Sunday, 14 March 2010

FiftyFive ~ # 52

I have mentioned Picasso's ideas on art and his textual interventions on Delacroix (for example) and I am attached to the idea that art need not seek out the new all of the time. For we have such a strong historical tradition to re-enforce the modern, it doesn't have to be separated and split (see what happened when we did that to the atom - rupture is a better word than split). We are all patchworks, made up of different scraps and nations and races and influences and I am with Jacques Derrida when he describes the future as somewhere we can see in the present with a trace of the past to help guide our way.

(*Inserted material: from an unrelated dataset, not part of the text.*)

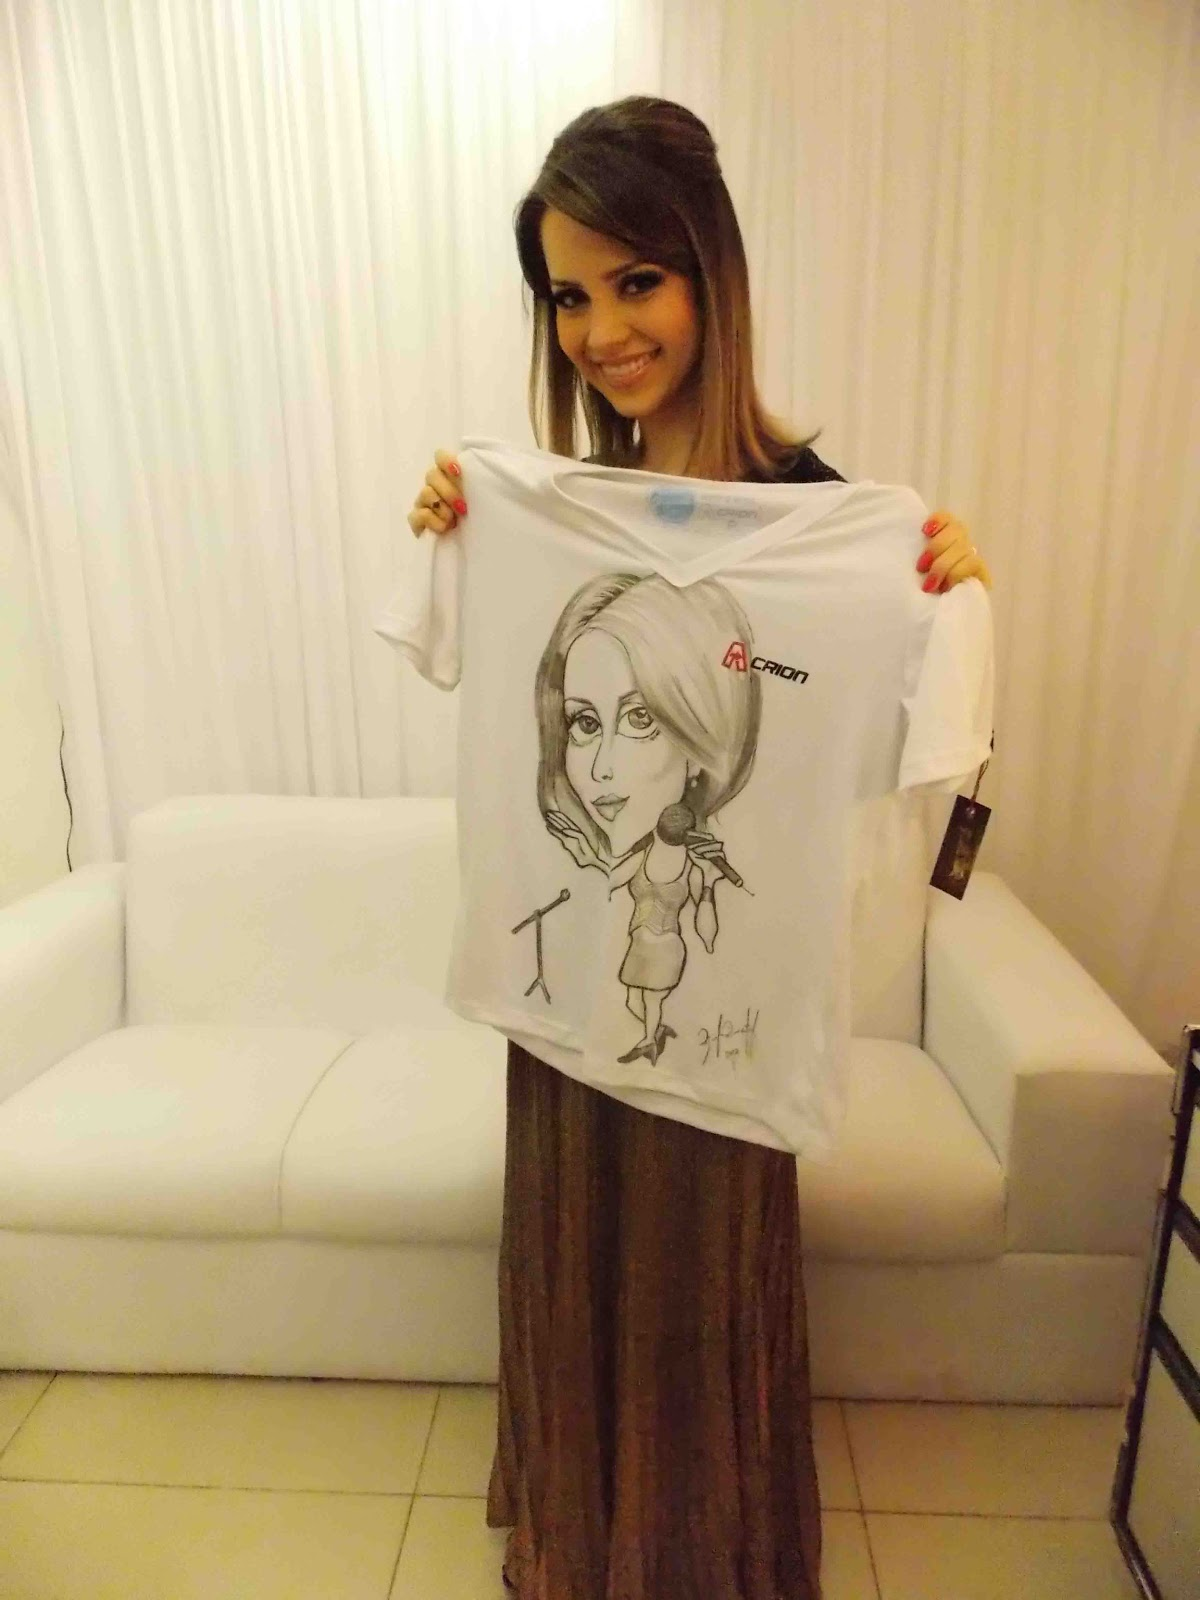 http://3.bp.blogspot.com/--Ve84nkjnuc/UL8ybJNnlpI/AAAAAAAAECU/Fo-YSANcKSY/s1600/Caricatura+na+camisa+_+cantora+Sandy+_desenhista+Priscila+Pimentel.jpg

And as Milan Kundera reminds us, "...the history of art is perishable. The babble of art is eternal." Of course he also said, "What takes flight will one day come to earth.." and we are back with Icarus flying. Therefore, I give a choral past with a textually intervened saxophone to marry the ancient and modernity in musical bliss - I love the liquid textures of this piece, simply for its own melodic sake and I could imagine flying to this sound; in a hot air balloon would be nice. The subtext of this blog is "fragments, traces and grace notes" and it is beginning to make sense to me. Don Delillo said he writes to find out what he knows. I like writing to find out what I am thinking (for it is a noisy world and sometimes my hearing isn't so good).